Kinder ohne Hausaufgaben? Das könne nicht sein, dachte Stefanie Schulz, als Schulleiterin Eva Helbing am 23. Januar im Schulelternrat das neue Hausaufgabenmodell vorgestellt hatte. Es sei heiß diskutiert worden, erinnert sie sich. "Aber nachdem wir die Lernziele erläutert bekommen haben, stehen wir Eltern voll dahinter", sagt Stefanie Schulz. Niemand könne ernsthaft glauben, dass die Schule die Kinder hängen lassen wolle. Die neuen Regeln, so die Elternratsvorsitzende, sollen nichts anderes, als den Kindern helfen.

Für einen ersten Erfahrungsbericht sei es zu früh, aber: Eltern würden erzählen, dass ihre Kinder jetzt mehr arbeiten würden. Bei den zwei oder drei Klassenarbeiten, die seit Abschaffung der schriftlichen Hausaufgaben geschrieben wurden, seien die Noten nicht schlechter geworden.

Stefanie Schulz glaubt nicht, dass die Schüler es ausnutzen, wenn unerledigte Hausaufgaben straffrei bleiben.

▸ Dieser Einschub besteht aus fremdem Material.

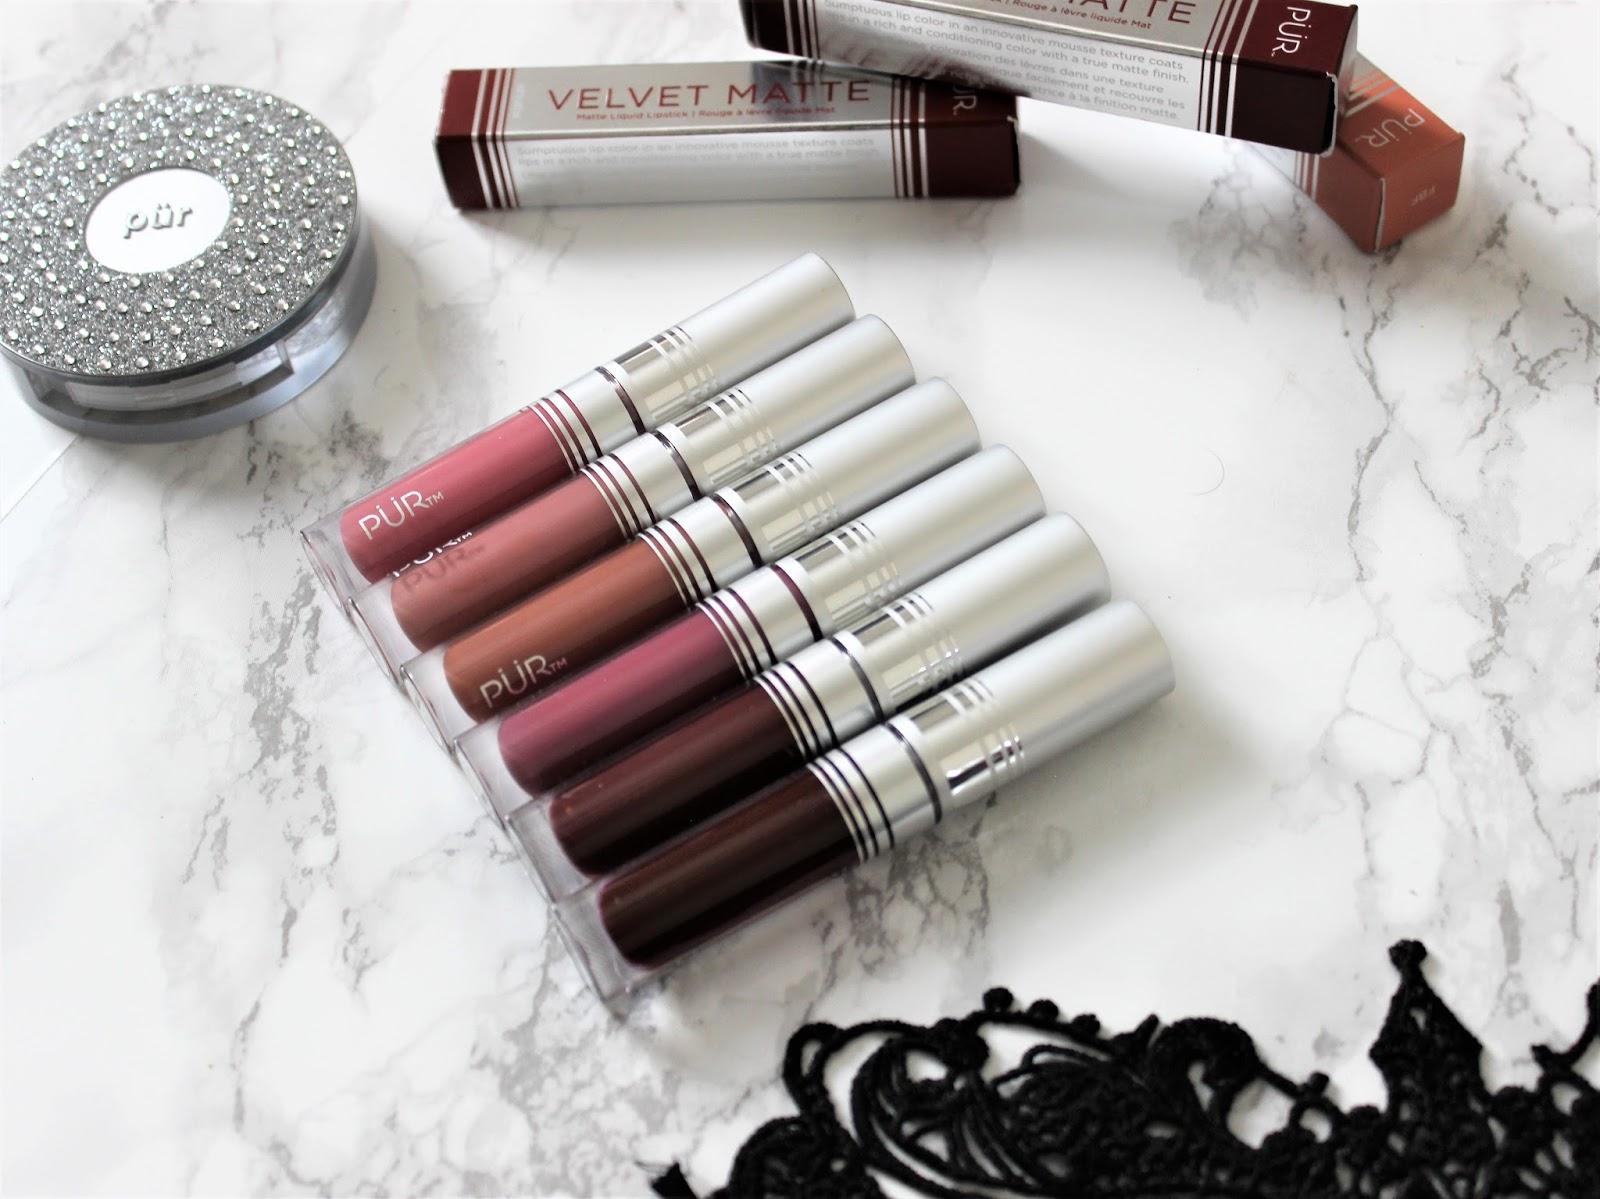 Pur Velvet Matte Liquid Lipstick Review

Vier Tage habe es gedauert, bis die Jungen und Mädchen begriffen hätten, dass sie freiwillig zu Hause lernen müssen. "Ich denke, den Schülern ist es schon unangenehm, wenn sie im Unterricht nicht mitreden können", sagt sie.

Die Kreisschulternratsvorsitzende Judith von Witzleben-Sadowsky hält die Meckelfelder Initiative für einen lohnenswerten Versuch: "Ich finde Wochenpläne für selbstständiges Lernen gut", sagt sie.

Die Grund- und Hauptschule Meckelfeld interpretiert den neuen Hausaufgaben-Erlass in Niedersachsen offenbar weiter als andere. Das Kultusministerium setzt darin neue, etwa um die Hälfte halbierte Höchstzeiten fest, die nach den Sommerferien gelten sollen. Demnach sollen Grundschüler nicht länger als 30 Minuten an den Hausaufgaben sitzen. Für die Sekundarstufe I ist maximal eine Stunde, für die Sekundarstufe II sind höchstens zwei Stunden vorgesehen. Hintergrund ist, dass der Nachmittagsunterricht stark ausgeweitet wurde. Schüler sollen auch an langen Schultagen Zeit für Hobbys haben.